Given input \(\x\), true response \(y\), and predicted response \(o\), recall that the cross-entropy error is defined as

\[\cl{E}_\x=-(y\cd\ln(o)+(1-y)\cd\ln(1-o))\]

With sigmoid activation, the output of the neural network is given as

\[o=f(net_o)=\rm{sigmoid}(b+\w^T\x)=\frac{1}{1+\exp\{-(b+\w^T\x)\}=\pi(\x)\]

which is the same as the logstic regression model.

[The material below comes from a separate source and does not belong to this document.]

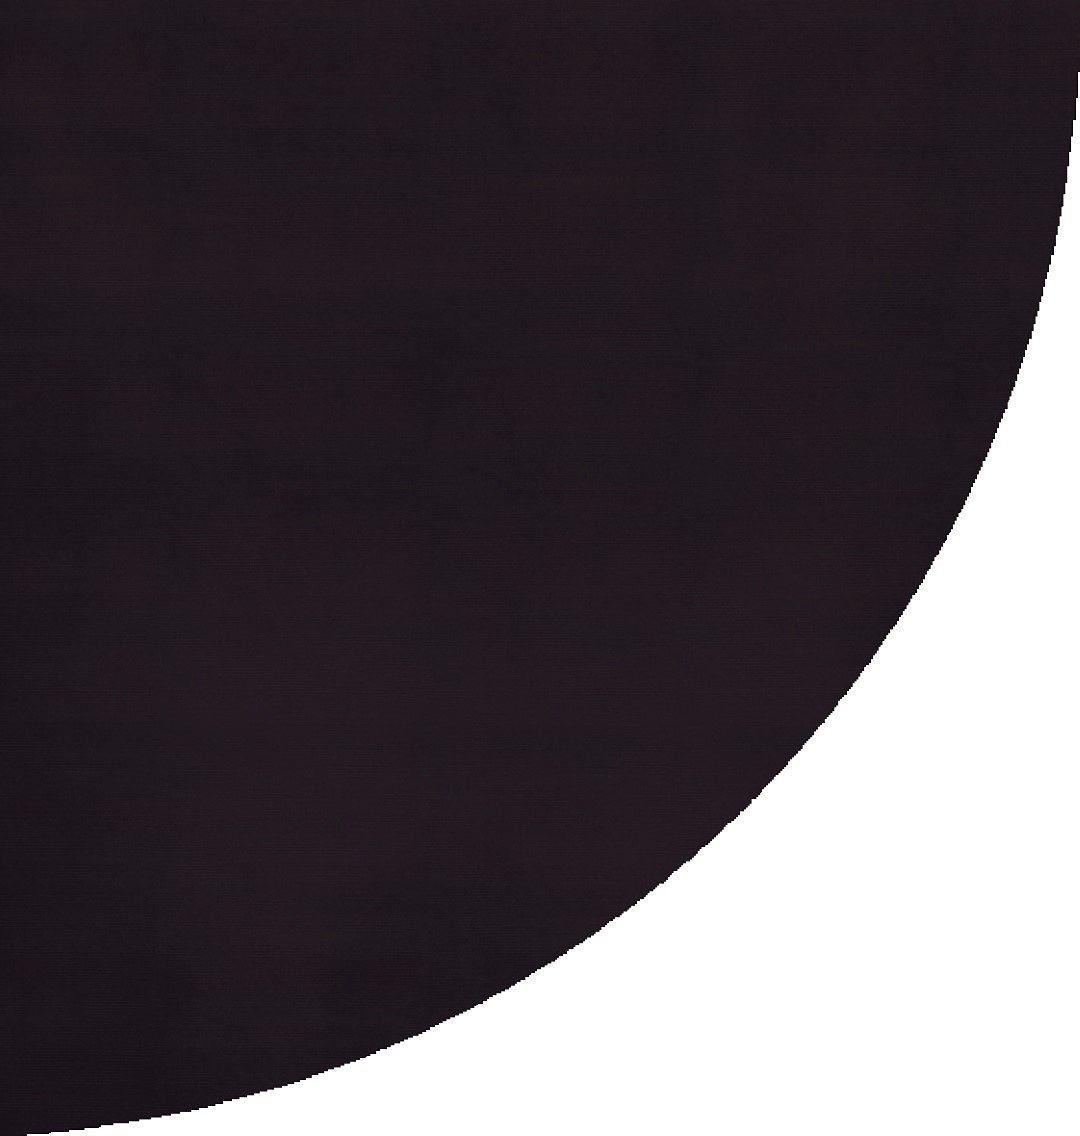 APELT - schwarz UNI Tischdecke Rips 4362 (1-tlg)

Multiclass Logistic Regression

For the general classification problem with \(K\) classes \(\{c_1,c_2,\cds,c_K\}\), the true response \(y\) is encoded as a one-hot vector. Thus, class \(c_i\) is encoded as \(\e_1=(1,0,\cds,0)^T\), and so on, with \(\e_1\in\{0,1\}^K\) for \(i=1,2,\cds,K\). Thus, we encode \(y\) as a multivariate vector \(\y\in\{\e_1,\e_2,\cds,\e_K\}\). Recall that in multiclass logistic regression the task is to estimate the per class bias \(b_i\) and weight vector \(\w_i\in\R^d\), with the last class \(c_K\) used as the base class with fixed bias \(b_K=0\) and fixed weight vector \(\w_K=(0,0,\cds,0)^T\in\R^d\). The probability vector across all \(K\) classes is modeled via the softmax function:

\[\pi_i(\x)=\frac{\exp\{b_i+\w_i^T\x\}}{\sum_{j=1}^K\exp\{b_J+\w_J^T\x\}},\ \rm{for\ all\ }i=1,2,\cds,K\]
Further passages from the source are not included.